Work item — Line by line, return the listing exactly, without any of the images.

Recorded information —
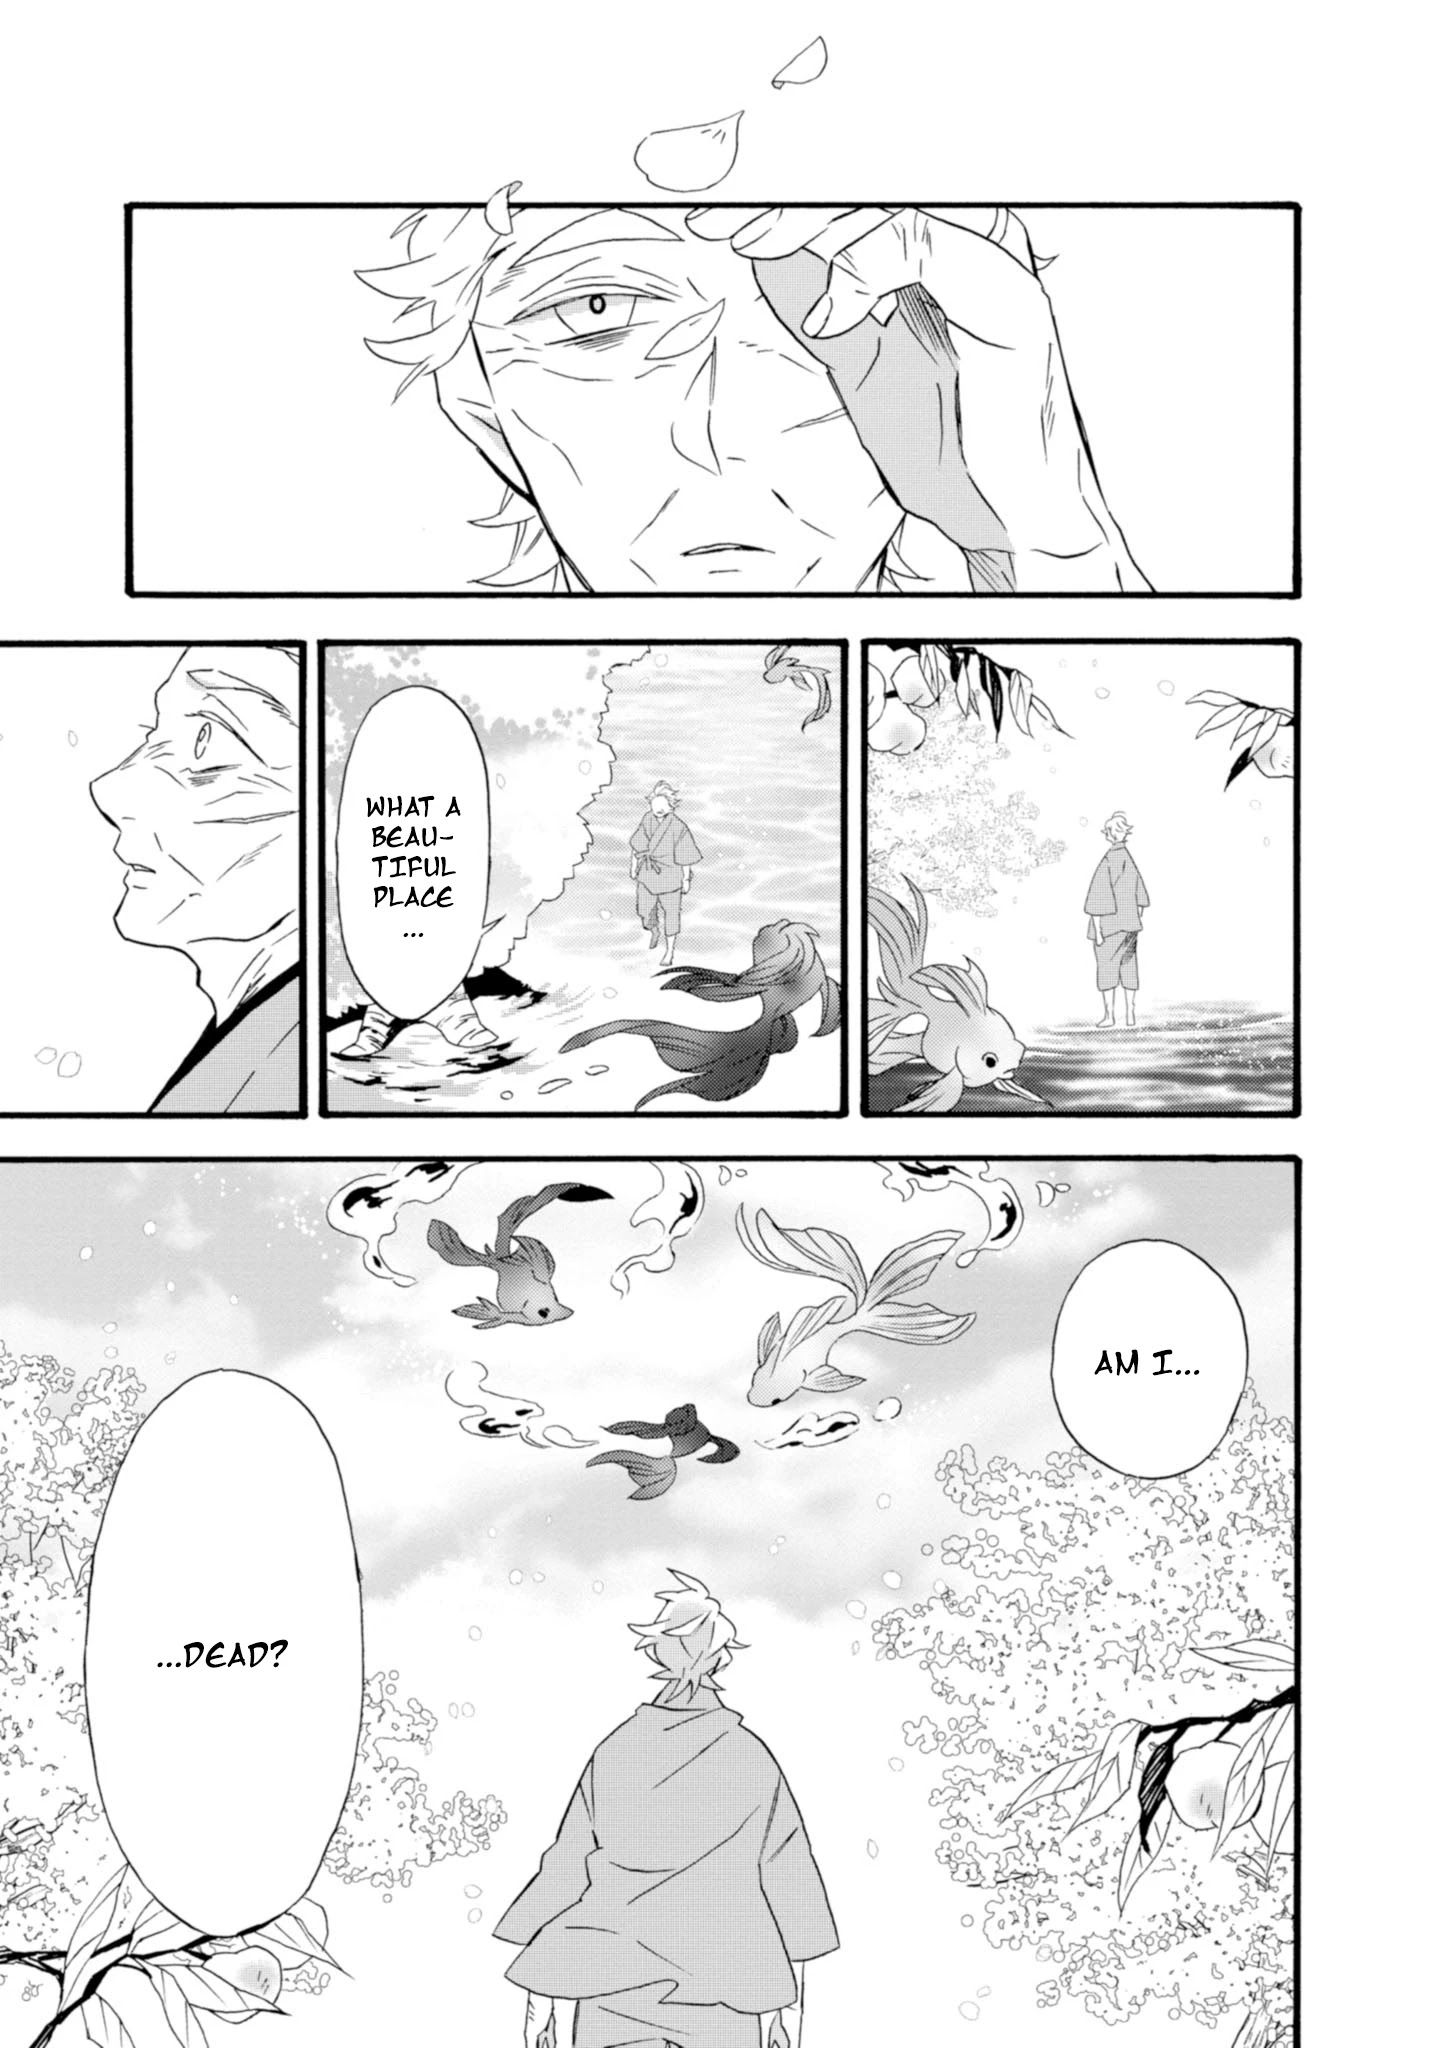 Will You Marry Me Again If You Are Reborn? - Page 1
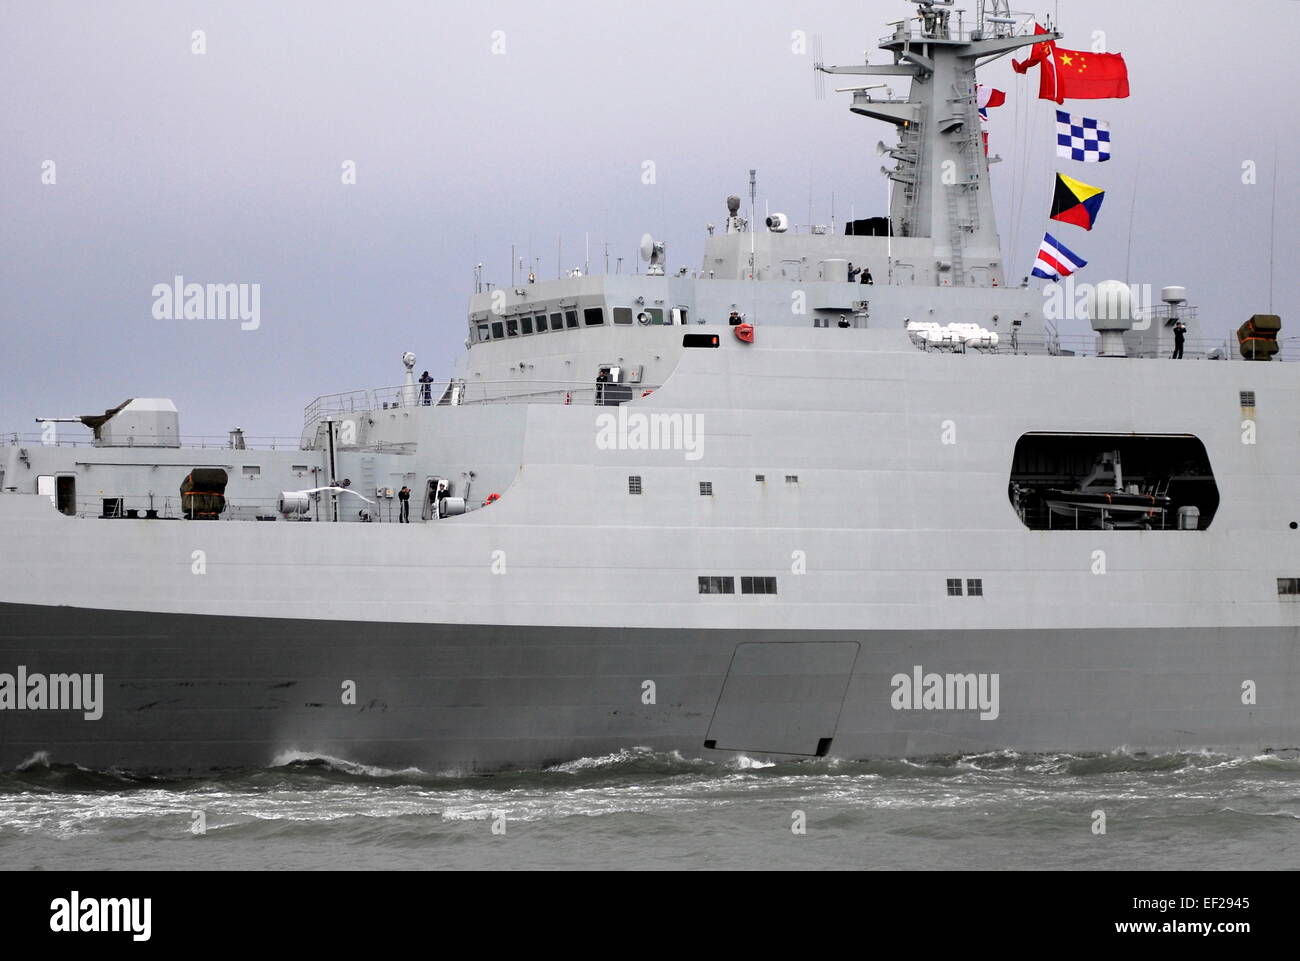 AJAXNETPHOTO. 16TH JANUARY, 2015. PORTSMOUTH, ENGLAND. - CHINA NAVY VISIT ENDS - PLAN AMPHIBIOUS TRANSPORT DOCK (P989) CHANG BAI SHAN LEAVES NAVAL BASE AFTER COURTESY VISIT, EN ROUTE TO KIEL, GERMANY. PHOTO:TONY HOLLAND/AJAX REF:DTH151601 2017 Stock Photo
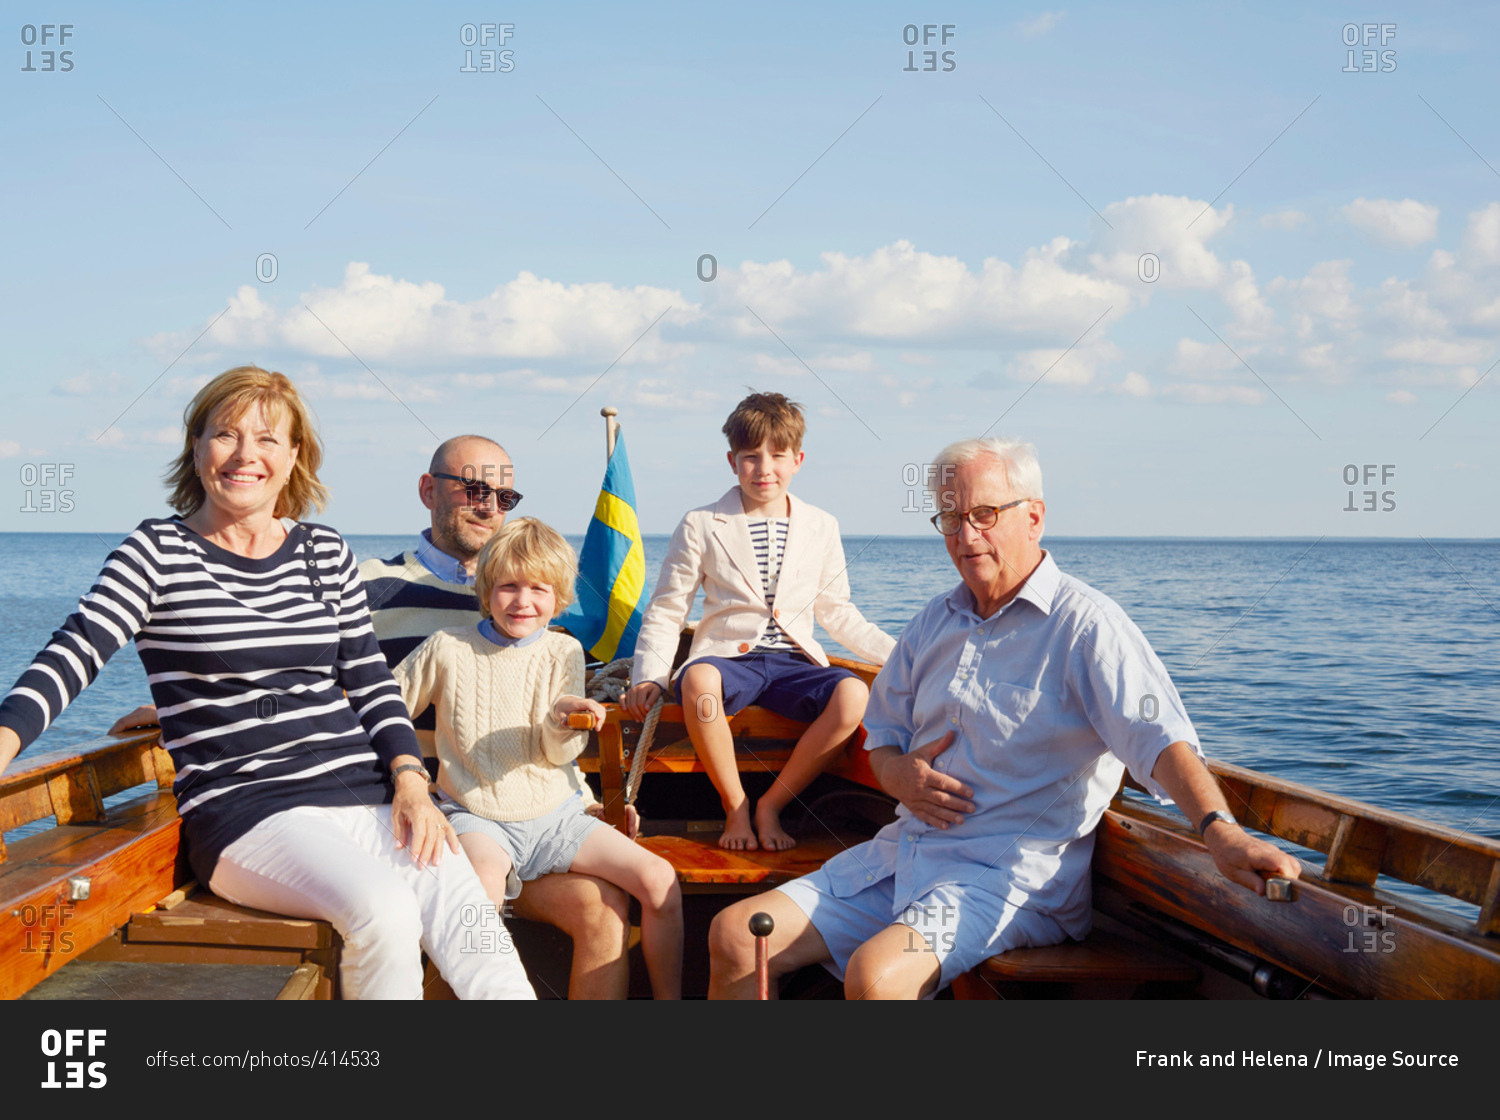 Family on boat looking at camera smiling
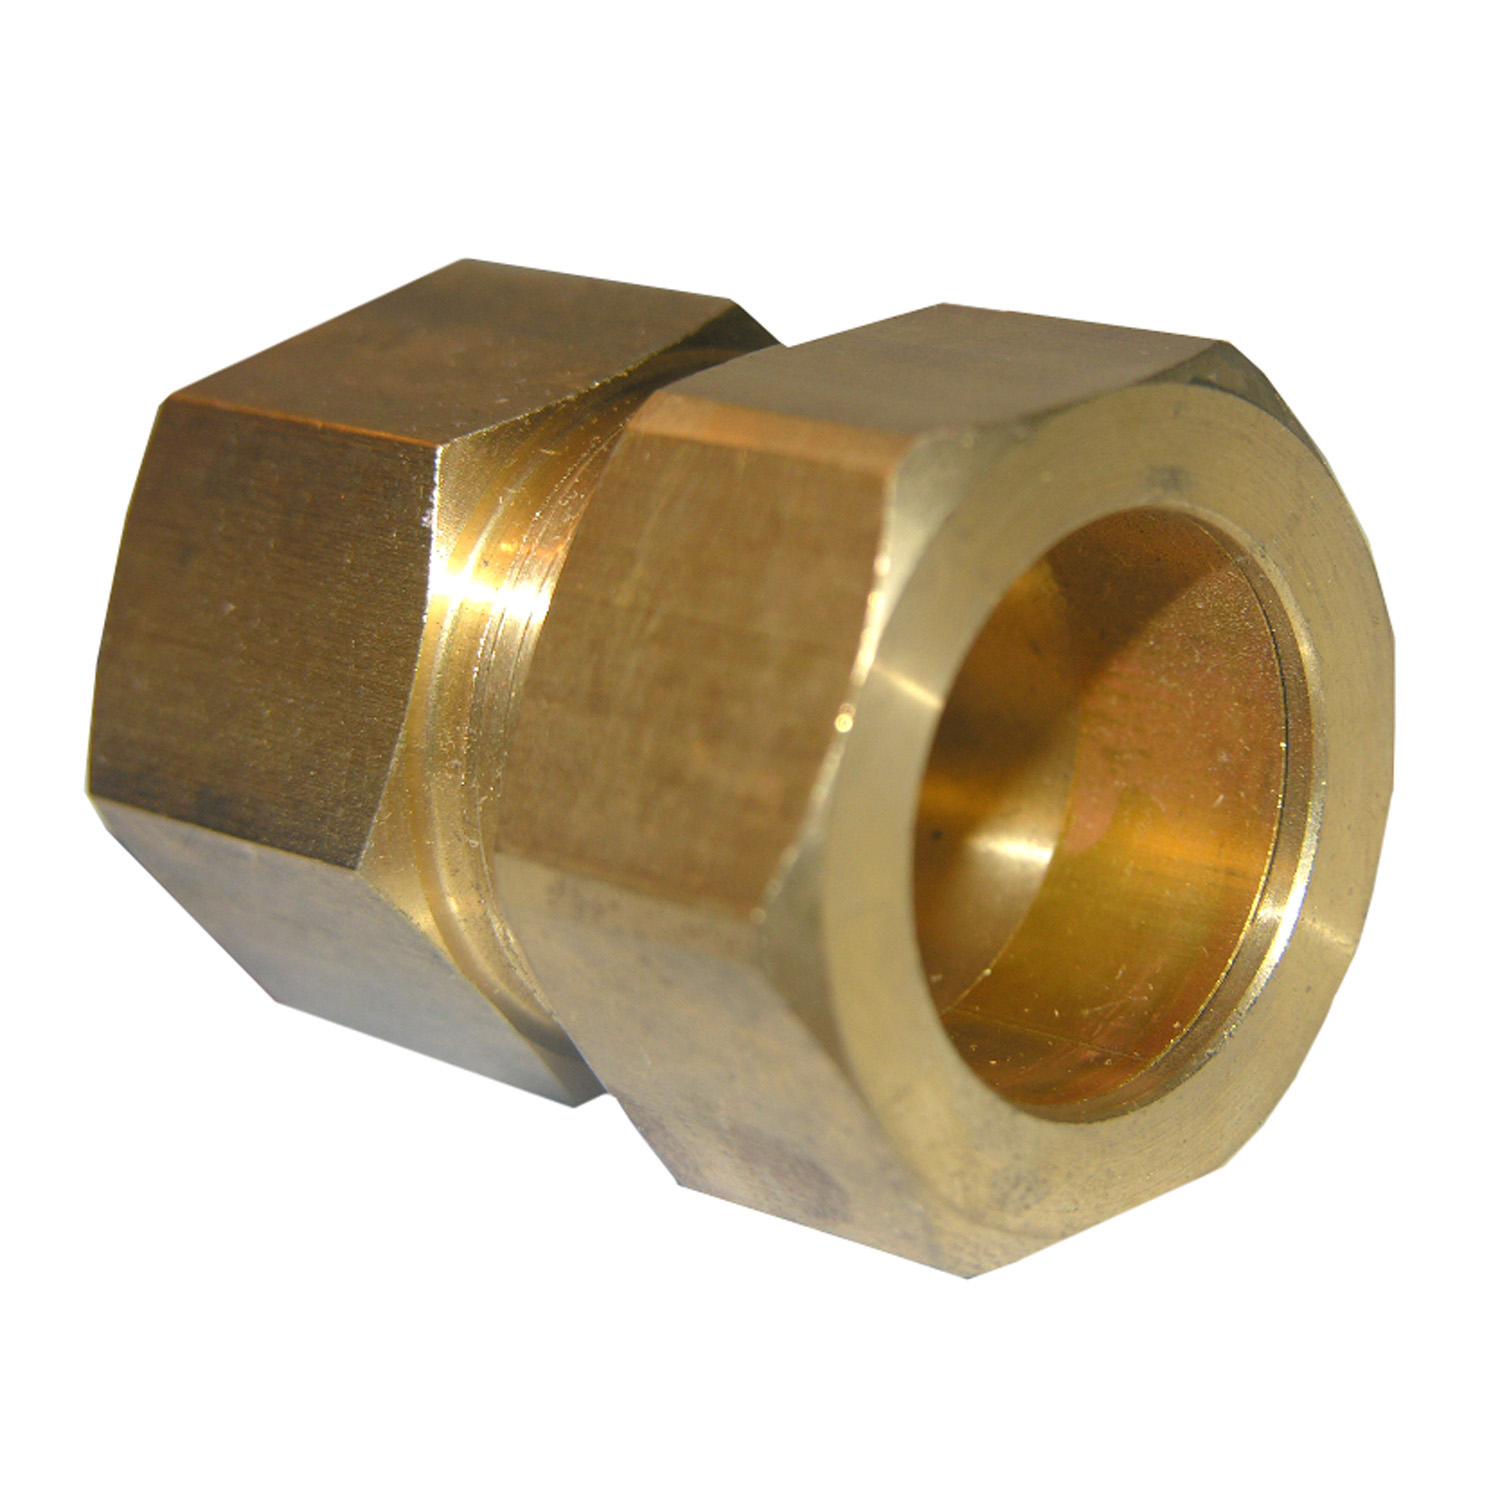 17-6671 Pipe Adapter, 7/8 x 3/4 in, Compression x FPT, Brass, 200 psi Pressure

Solved problem —
 Will You Marry Me Again If You Are Reborn? - Page 1
 AJAXNETPHOTO. 16TH JANUARY, 2015. PORTSMOUTH, ENGLAND. - CHINA NAVY VISIT ENDS - PLAN AMPHIBIOUS TRANSPORT DOCK (P989) CHANG BAI SHAN LEAVES NAVAL BASE AFTER COURTESY VISIT, EN ROUTE TO KIEL, GERMANY. PHOTO:TONY HOLLAND/AJAX REF:DTH151601 2017 Stock Photo
 Family on boat looking at camera smiling
 17-6671 Pipe Adapter, 7/8 x 3/4 in, Compression x FPT, Brass, 200 psi Pressure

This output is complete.